Once again, Artificial Intelligence (AI) appears at the center of criticism, in this case by GitHub users. There, the spotlight is on Microsoft for training an AI tool with its code. Apparently, “Copilot” was trained using billions of lines of open source code found on different sites, and one of them is GitHub. Because of this situation, open source coders are considering a class action lawsuit against the firm for training the AI tool.
A website has been generated to spearhead research on the company. Matthew Butterick, a programmer and attorney, is assembling a class action litigation team. With it, it is hoped that a lawsuit can be filed against the tool in question, called GitHub Copilot. Many have been suspicious of Microsoft, following the launch of Copilot, after it bought the collaborative coding platform in 2018.
GitHub and a whole conflict ahead
The tool was introduced as an extension to Microsoft’s Visual Studio coding environment. It uses prediction algorithms to auto-complete lines of code. For this purpose, the AI model called Codex has been used. It has been created and trained by OpenAI, using data extracted from the code repository on the open web.

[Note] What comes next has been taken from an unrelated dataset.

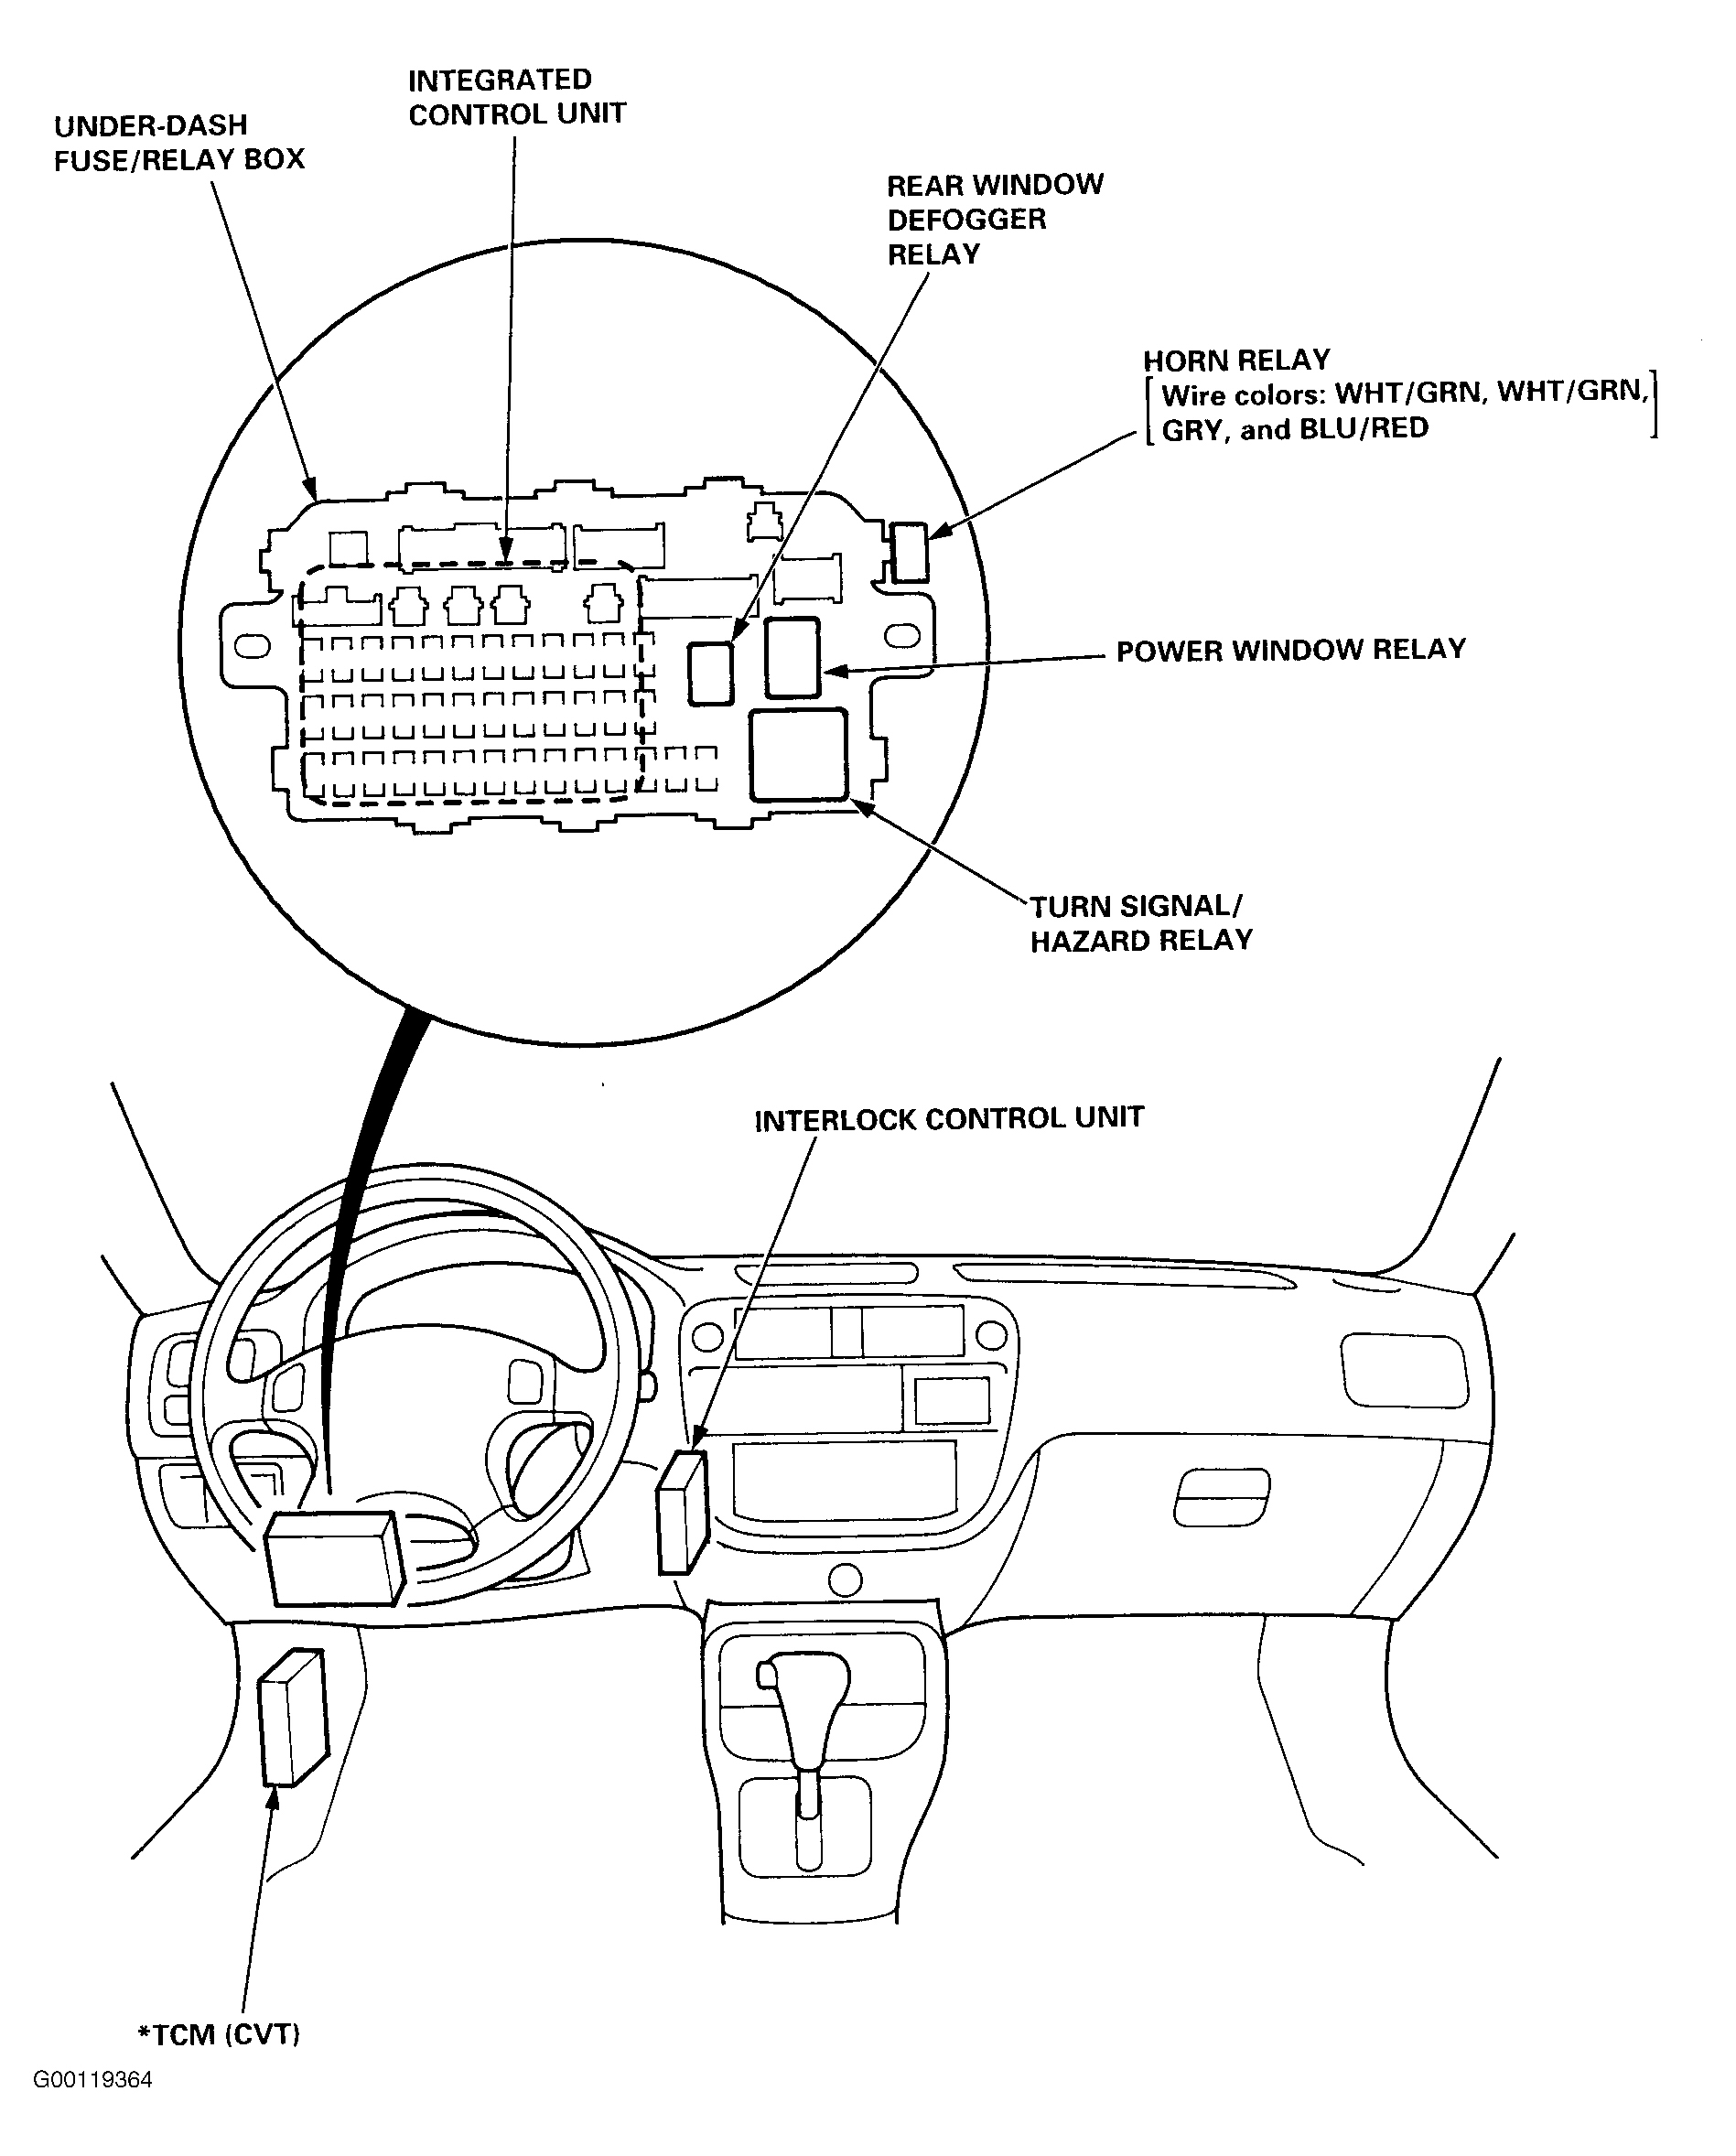 Honda Civic EX 1996 - Component Locations -  Locating Under-Dash Fuse/Relay Box (1996-97)

Microsoft stated that the tool was “trained on tens of millions of public repositories” of code, including GitHub. The company believes we are in an “instance of transformative fair use.” At this point, obviously, there are several open source coders who disagree with this relationship.
Butterick expressed on his website that:
“Like Neo plugged into the Matrix, or a cow on a farm, Copilot wants to make us nothing more than producers of a resource to mine.”
The programmer and lawyer continued to expand on his vision by commenting that “even cows get food and shelter out of the deal. Copilot brings nothing to our individual projects. And nothing to open up the code widely.”
The views of other programmers
Increasingly, programmers have noticed that Copilot seems to copy their code in the resulting outputs. From Twitter, open source users have spoken out by leaving documentation of software examples. In them, you can see the lines of code that are surprisingly similar to those that can be seen in their own repositories.
GitHub was to issue a statement on the matter, stating that training data taken from public repositories “are not intended to be included verbatim in Codex results”. The analysis report shared by the platform stated that “the vast majority of the results (>99%) do not match the training data”.
For its part, Microsoft has placed the legal responsibility on the end user to ensure that the code Copilot sends does not violate any intellectual property laws. Butterick understands that this whole situation is a smokescreen and that GitHub Copilot, in practice, is a self-serving interface that hijacks your experience without offering anything in return.